Justice Samuel Alito sounded deeply skeptical of arguments from minority voters and Democrats, including Jessica Amunson, an attorney for Arizona Secretary of State Katie Hobbs.

When Amunson said statistical disparities alone aren’t enough to show a Voting Rights Act violation and that courts need to “take a functional view of the political process and look to a holistic view of how it is actually affecting the voter on the ground,” Alito scoffed at her response.

“Well, those are a lot of words. I really don’t understand what they mean,” Alito said.

While Roberts seemed generally sympathetic to the position taken by Democrats in the cases, he also made clear he doesn’t think absentee-ballot fraud concerns are frivolous. He repeatedly referred to a 2005 report by former President Jimmy Carter and former Secretary of State James Baker that said such ballots have historically been the focus of fraud efforts.
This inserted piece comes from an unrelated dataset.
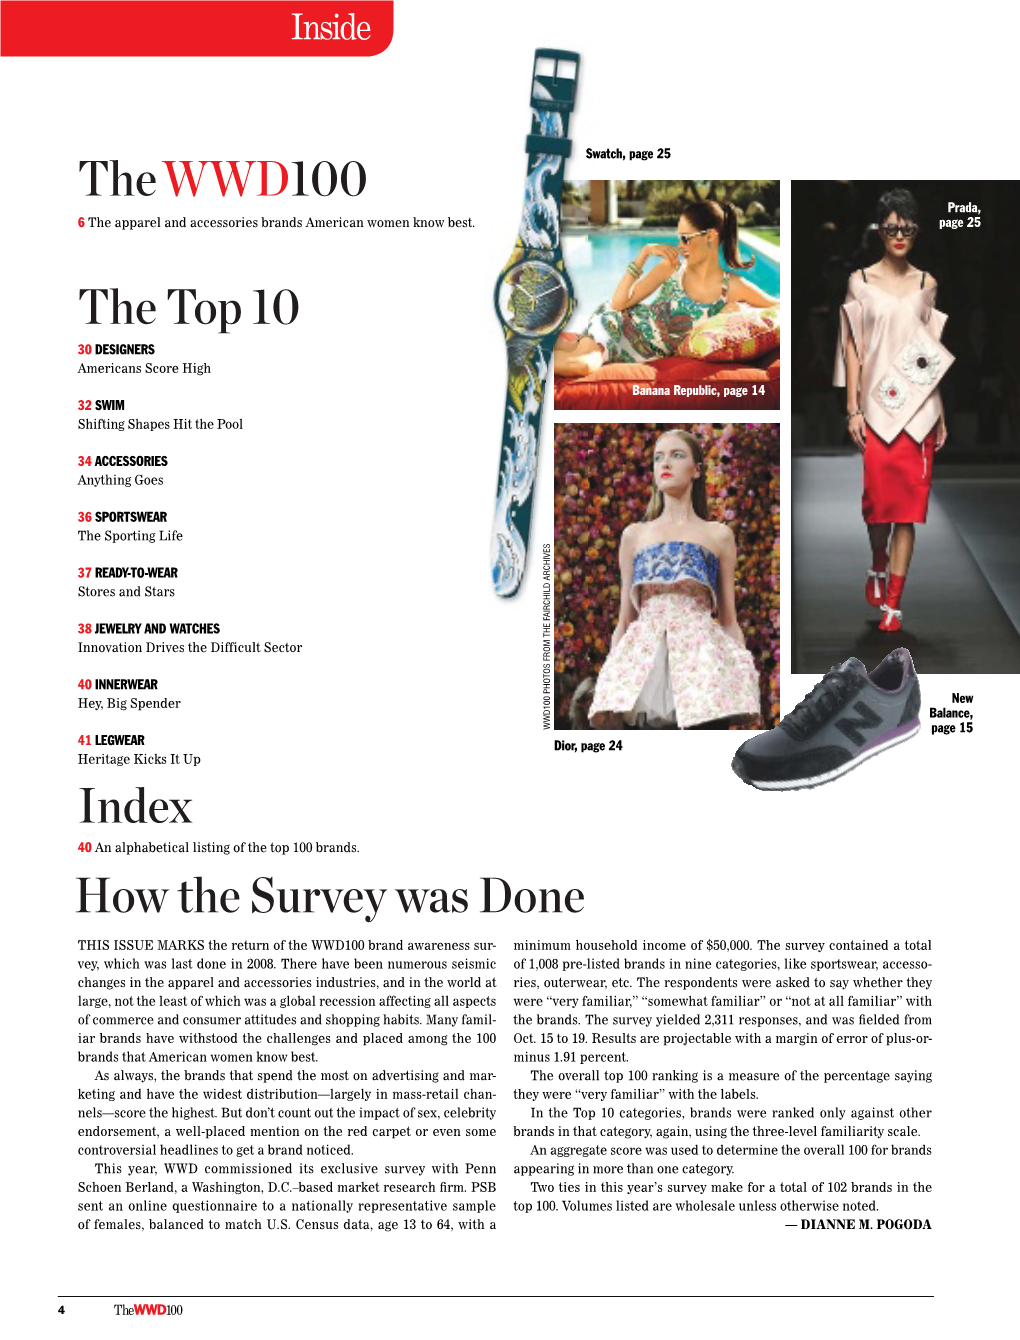 The WWD100 the Top 10 Index How the Survey Was Done
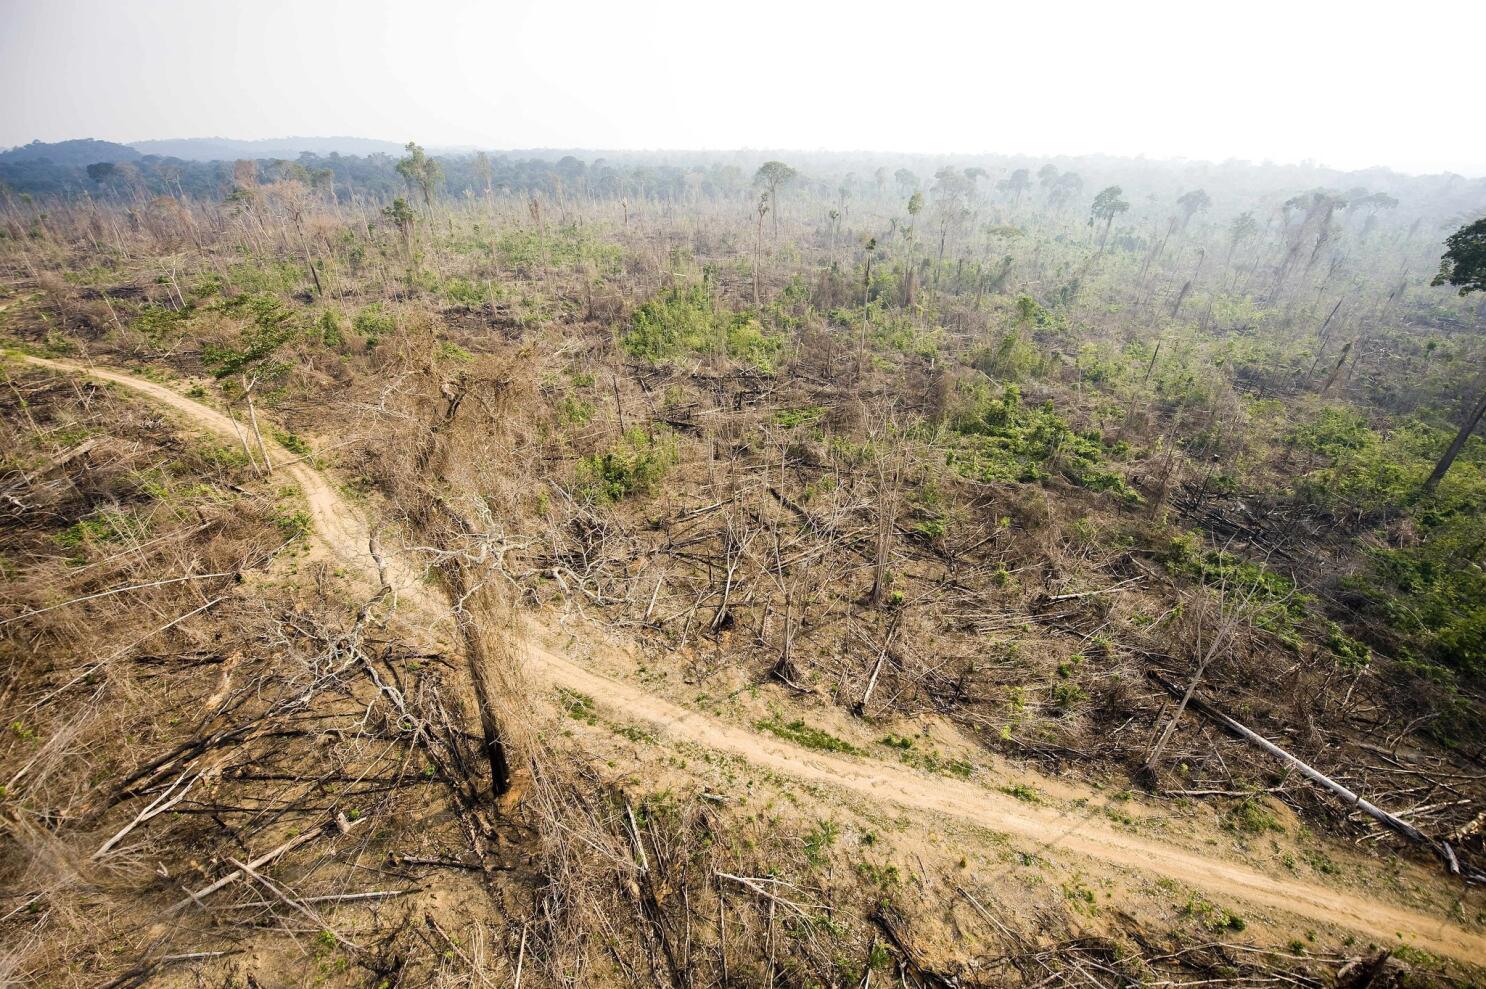 The Amount Of Deforestation In The  Rainforest Matches The Size Of  The US' Biggest States

Under Trump, the Justice Department filed a brief that did not go as far as the state or the Republicans, but largely sided with their view. Last month, with new officials in charge under President Joe Biden, the department withdrew its support for that brief.

However, Deputy Solicitor General Ed Kneedler stood by the Trump administration’s position that neither of Arizona’s challenged practices at issue in the cases violates the Voting Rights Act.